Charbel Farhat is the Vivian Church Hoff Professor of Aircraft Structures in the School of Engineering at Stanford University, where from 2008 to 2023, he chaired the Department of Aeronautics and Astronautics. From 2022 to 2023, he chaired this department as the inaugural James and Anna Marie Spilker Chair of Aeronautics and Astronautics. He is also Professor in the Institute for Computational and Mathematical Engineering, and Director of the Stanford-King Abdulaziz City for Science and Technology Center of Excellence for Aeronautics and Astronautics. From 2017 to 2023, he served on the Space Technology Industry-Government-University Roundtable; from 2015 to 2019, he served on the United States Air Force Scientific Advisory Board (SAB); from 2008 to 2018, he served on the United States Bureau of Industry and Security's Emerging Technology and Research Advisory Committee (ETRAC) at the United States Department of Commerce; and from 2007 to 2018, he served as the Director of the Army High Performance Computing Research Center at Stanford University. He was designated by the US Navy recruiters as a Primary Key-Influencer and flew with the Blue Angels during Fleet Week 2014.
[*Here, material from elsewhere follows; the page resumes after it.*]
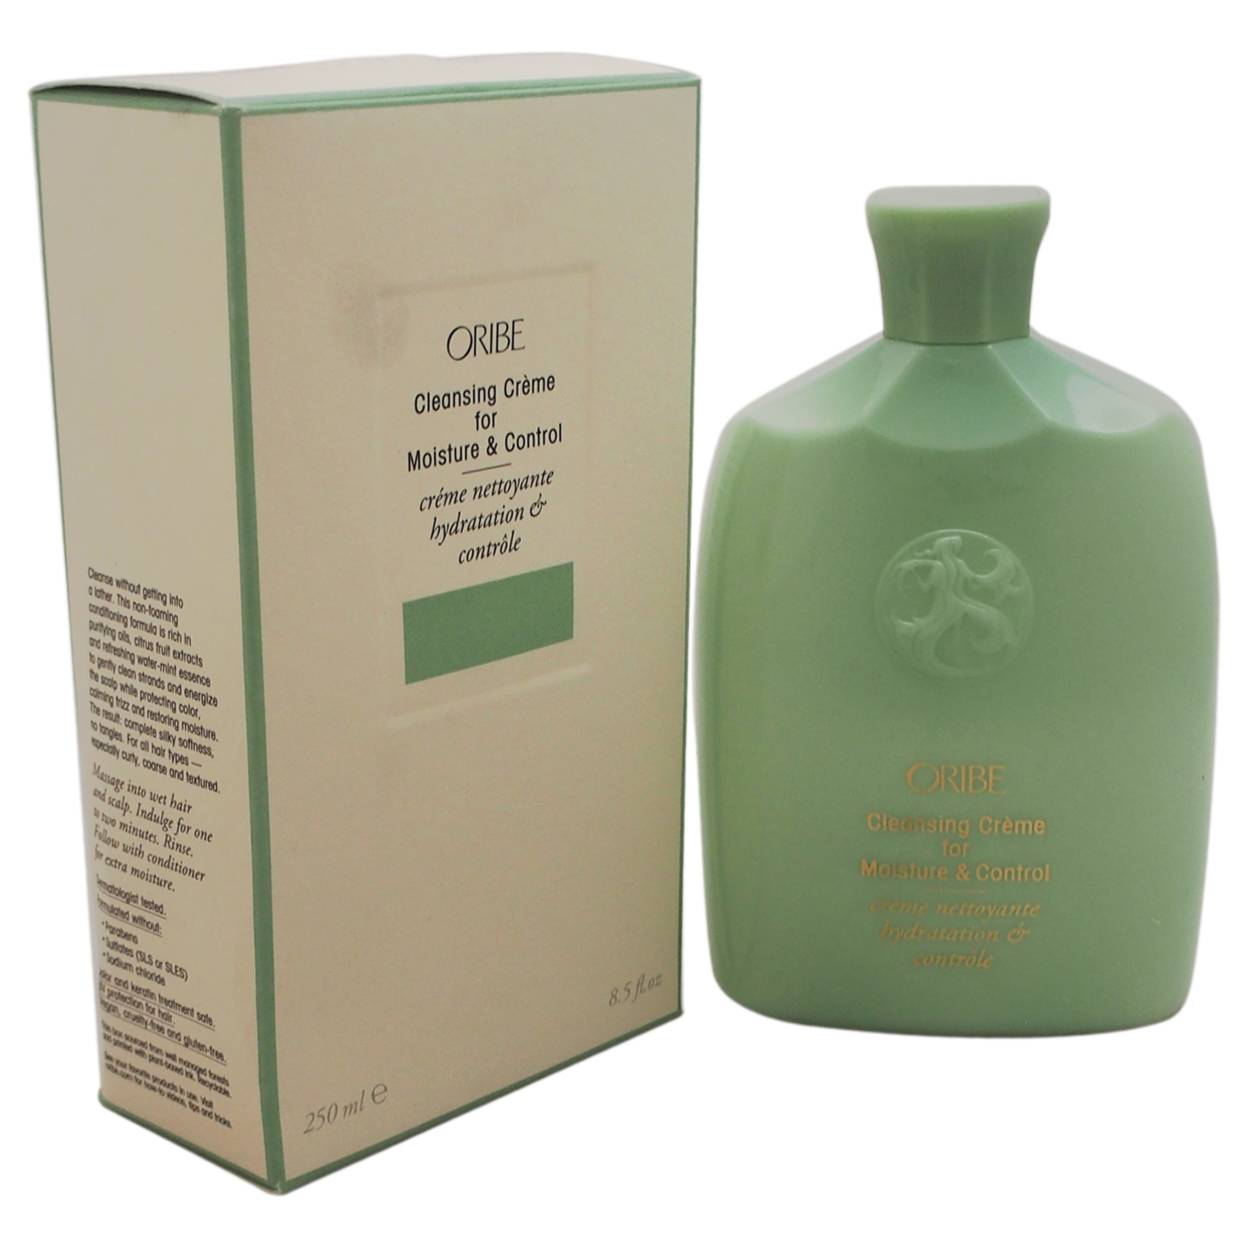 Cleansing creme. Oribe Cleansing Creme for Moisture and Control. Oribe Cleansing Creme for Moisture and Control 1000 мл. Oribe Cleansing Creme for Moisture and Control (Liter. Cleansing Creme for Moisture and Control 1 l.

Denis Duboule is a Swiss-French biologist. He earned his PhD in Biology in 1984 and is currently Professor of Developmental Genetics and Genomics at the École polytechnique fédérale de Lausanne (EPFL) and at the Department of Genetics and Evolution of the University of Geneva. Since 2001, he is the Director of the Swiss National Research Center "Frontiers in Genetics" and since 2017, he is also a professor at the Collège de France. He has notably worked on Hox genes, a group of genes involved in the formation of the body plan and of the limbs.
Vinod K. Singh is a Rahula and Namita Gautam Chair Professor of Chemistry at IIT Kanpur. He is also the Director's Chair Professor at IISER Bhopal & adjunct Professor at NIPER Hyderabad. He is currently the President, Chemical Research Society of India and the Chairman, Governing Council of IACS Kolkata.
K. Srinath Reddy is an Indian physician and the Former President of the Public Health Foundation of India and formerly headed the Department of Cardiology at All India Institute of Medical Sciences (AIIMS).
Yves Bréchet is a physicist, specialist of materials science, former High Commissioner for Atomic Energy of France, current Scientific Director of Saint Gobain, professor (part-time) at Monash University, and a member of the French Academy of Sciences.
Bruce William Stillman is a biochemist and cancer researcher who has served as the Director of Cold Spring Harbor Laboratory (CSHL) since 1994 and President since 2003. He also served as the Director of its NCI-designated Cancer Center for 25 years from 1992 to 2016. During his leadership, CSHL has been ranked as the No. 1 institution in molecular biology and genetics research by Thomson Reuters. Stillman's research focuses on how chromosomes are duplicated in human cells and in yeast Saccharomyces cerevisiae; the mechanisms that ensure accurate inheritance of genetic material from one generation to the next; and how missteps in this process lead to cancer. For his accomplishments, Stillman has received numerous awards, including the Alfred P. Sloan, Jr. Prize in 2004 and the 2010 Louisa Gross Horwitz Prize, both of which he shared with Thomas J. Kelly of Memorial Sloan-Kettering Cancer Center, as well as the 2019 Canada Gairdner International Award for biomedical research, which he shared with John Diffley.
Jamie Peck FRSC FAcSS is Canada Research Chair in Urban & Regional Political Economy and Professor of Geography at the University of British Columbia, Canada. He is the Managing Editor of Environment and Planning A and the convenor of the Summer Institute in Economic Geography.
Anne Buttimer was an Irish geographer. She was emeritus professor of geography at University College, Dublin.
Maria Dolors García Ramón is a Spanish geographer. She is emeritus professor of geography of the Autonomous University of Barcelona,
Antoine Bailly was a French-born Swiss geographer. He worked as a professor of geography in France, Canada, and Switzerland. He held a doctoral degree from Paris-Sorbonne University, as well as degrees from the University of Pennsylvania and the University of Franche-Comté.